Дочь регента, стр. 12

— Не думаю, я уезжаю завтра.

— И по какой дороге?

— По парижской.

— Как? Так вы едете…

— Я еду в Париж.

— О Боже! — воскликнул Гастон. — И я тоже.

— И вы тоже, Гастон?

— Да, и я тоже! Я тоже должен ехать, Элен. Мы ошибались, мы не расстанемся.

— Господи Боже! Что вы говорите, Гастон!

— Мы с вами были виноваты, обвиняя Провидение, а оно нас вознаградило, ниспослав то, что мы и просить у него не смели. Мы сможем видеться не только на протяжении всего пути, но даже и в Париже. И даже там, в Париже, мы не будем окончательно разлучены. Как вы едете?

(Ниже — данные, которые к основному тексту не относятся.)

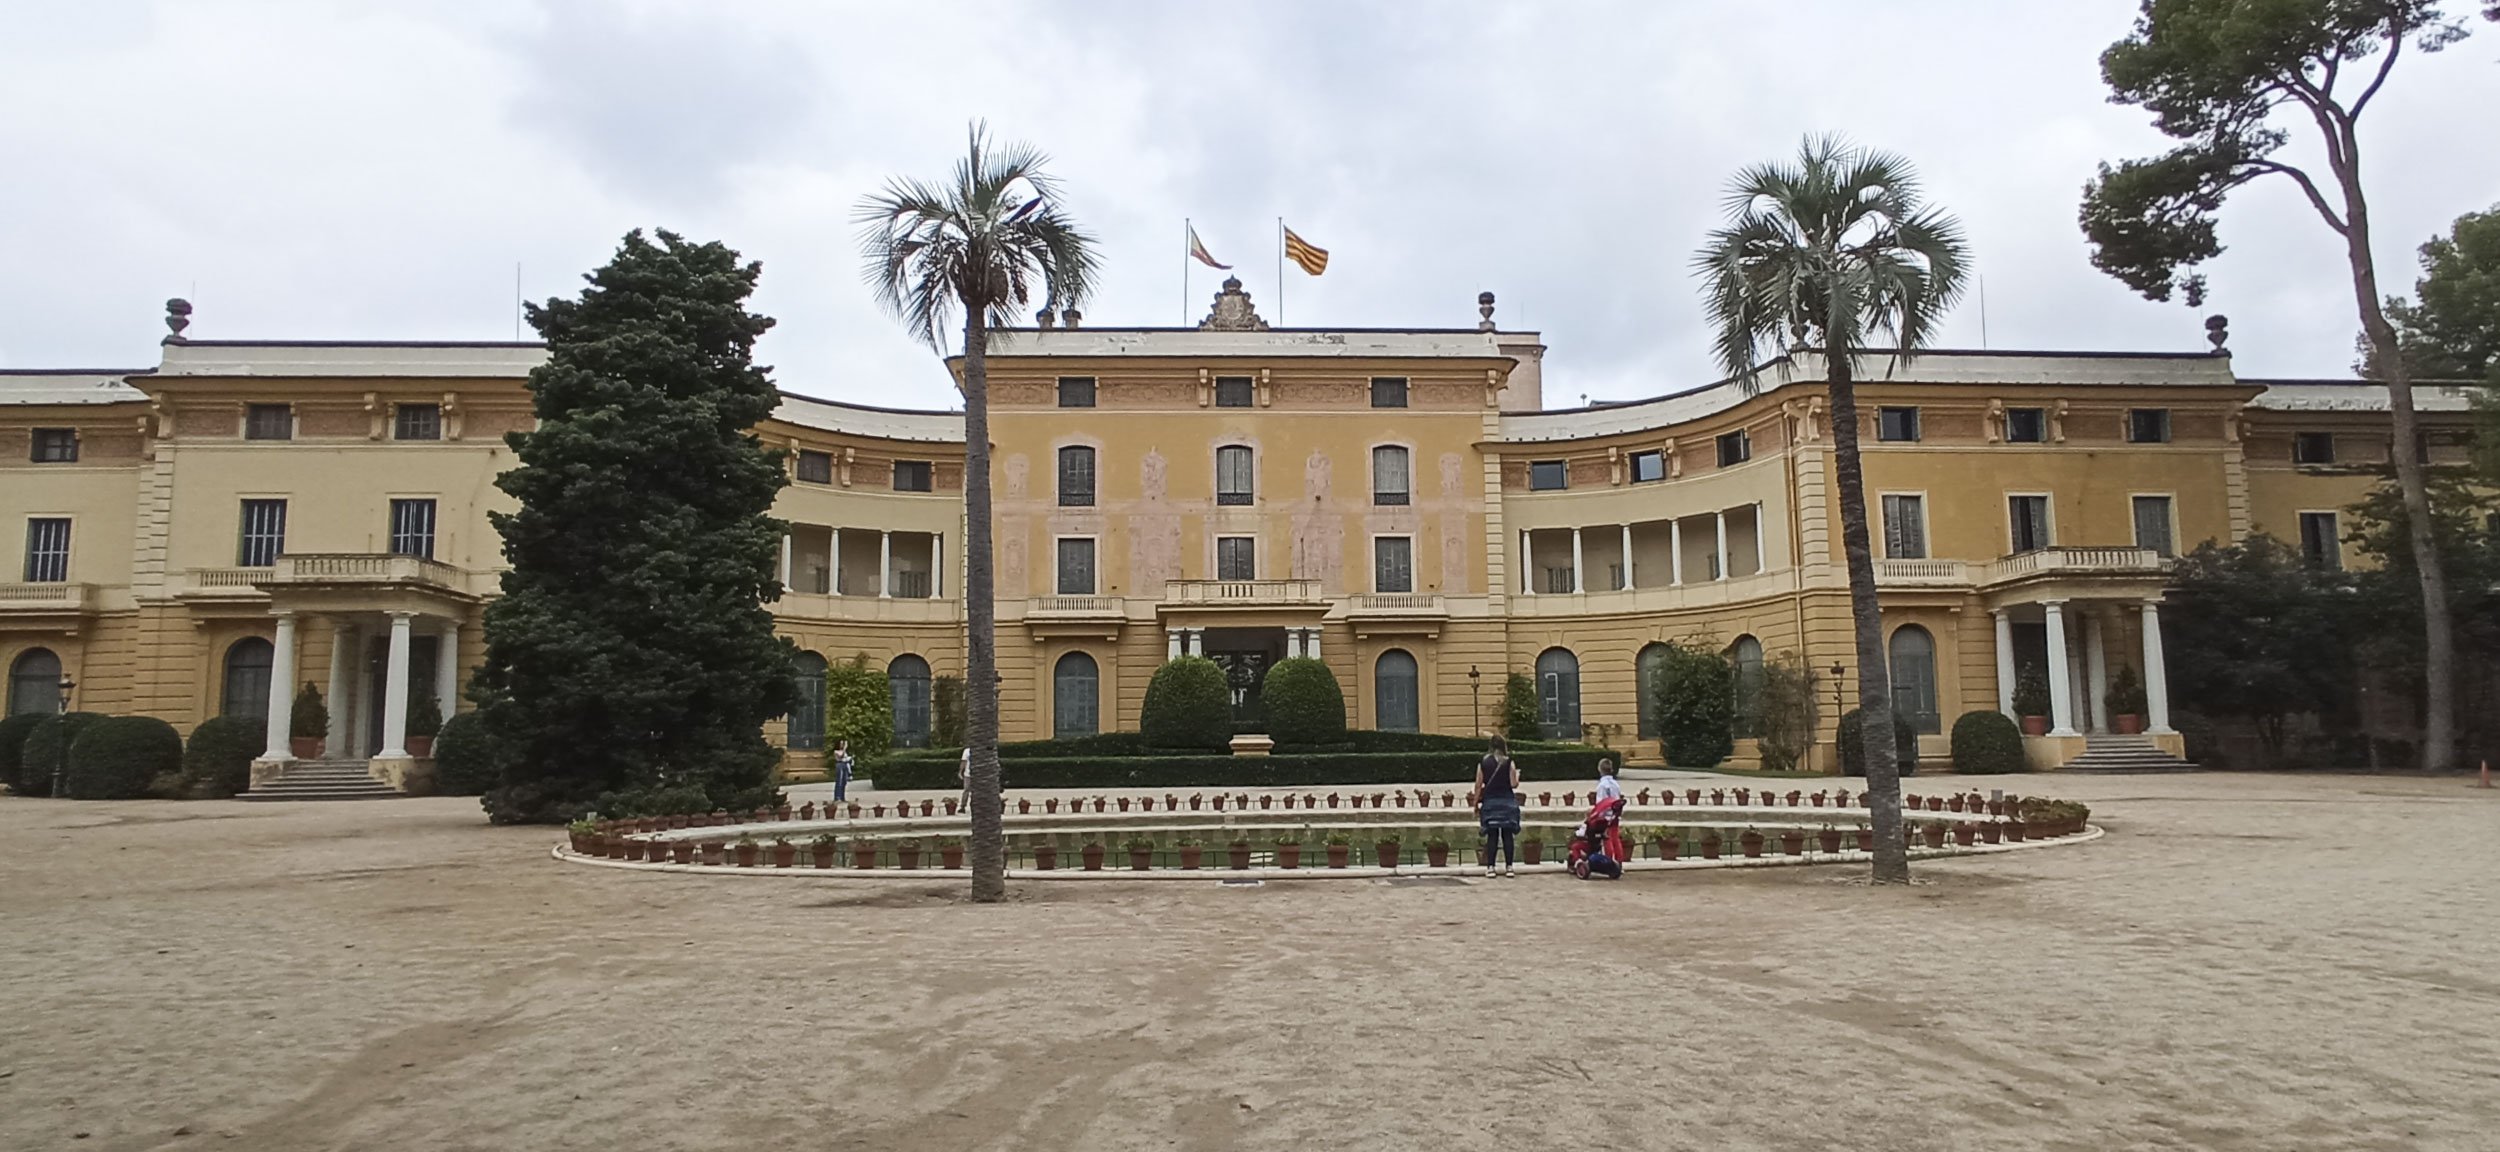 El Govern assumeix el Palau de Pedralbes i hi envia Fabró, l'ombra dels presidents
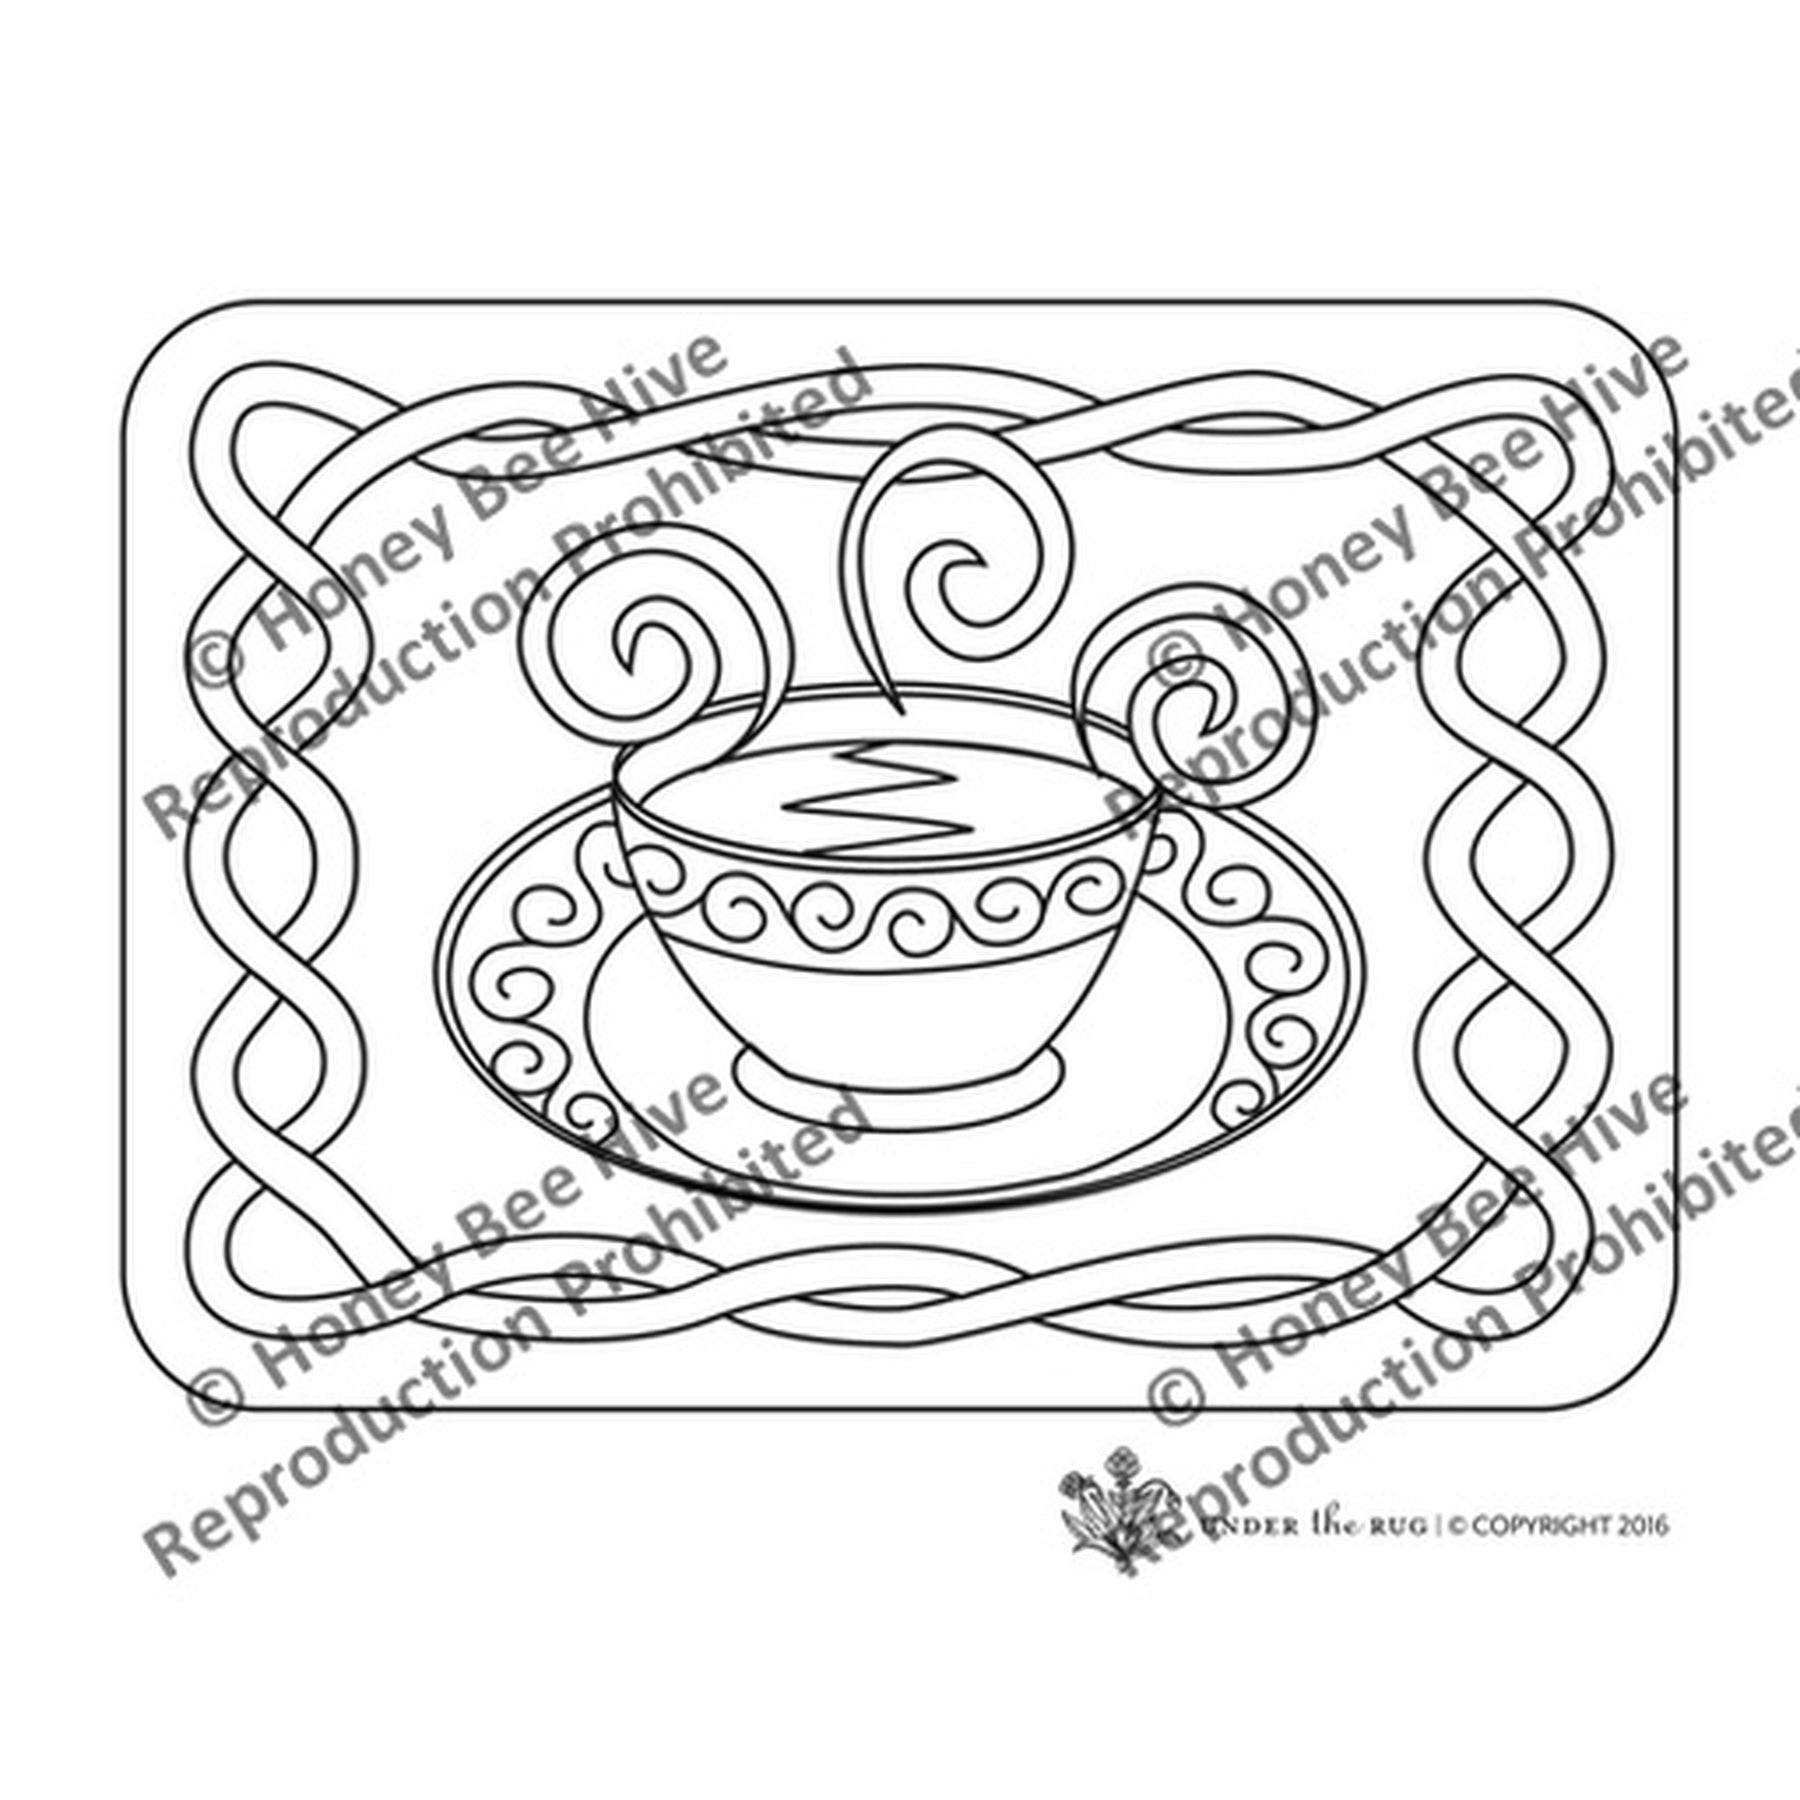 Teacup, Steam - Country Footstool Pattern, rug hooking pattern

— Я полагаю, что в монастырской карете, перегонами, но небольшими, чтобы я не уставала.

— С кем вы едете?

— С одной монахиней, которую дают мне в сопроводительницы. Она, сдав меня на руки тем, кто меня ждет, вернется в монастырь.

— Тогда все идет к лучшему, Элен. Я еду верхом, я совершенно незнакомый вам путешественник, и каждый вечер я смогу говорить с вами, а если мне это не удастся, то хотя бы видеть вас. Таким образом, Элен, мы будем разлучены только наполовину.

И молодые люди, встретившиеся со слезами на глазах и со смятенной душой, воодушевленные неистребимой верой в будущее, столь свойственной их возрасту, расстались с улыбкой и окрыленные надеждой.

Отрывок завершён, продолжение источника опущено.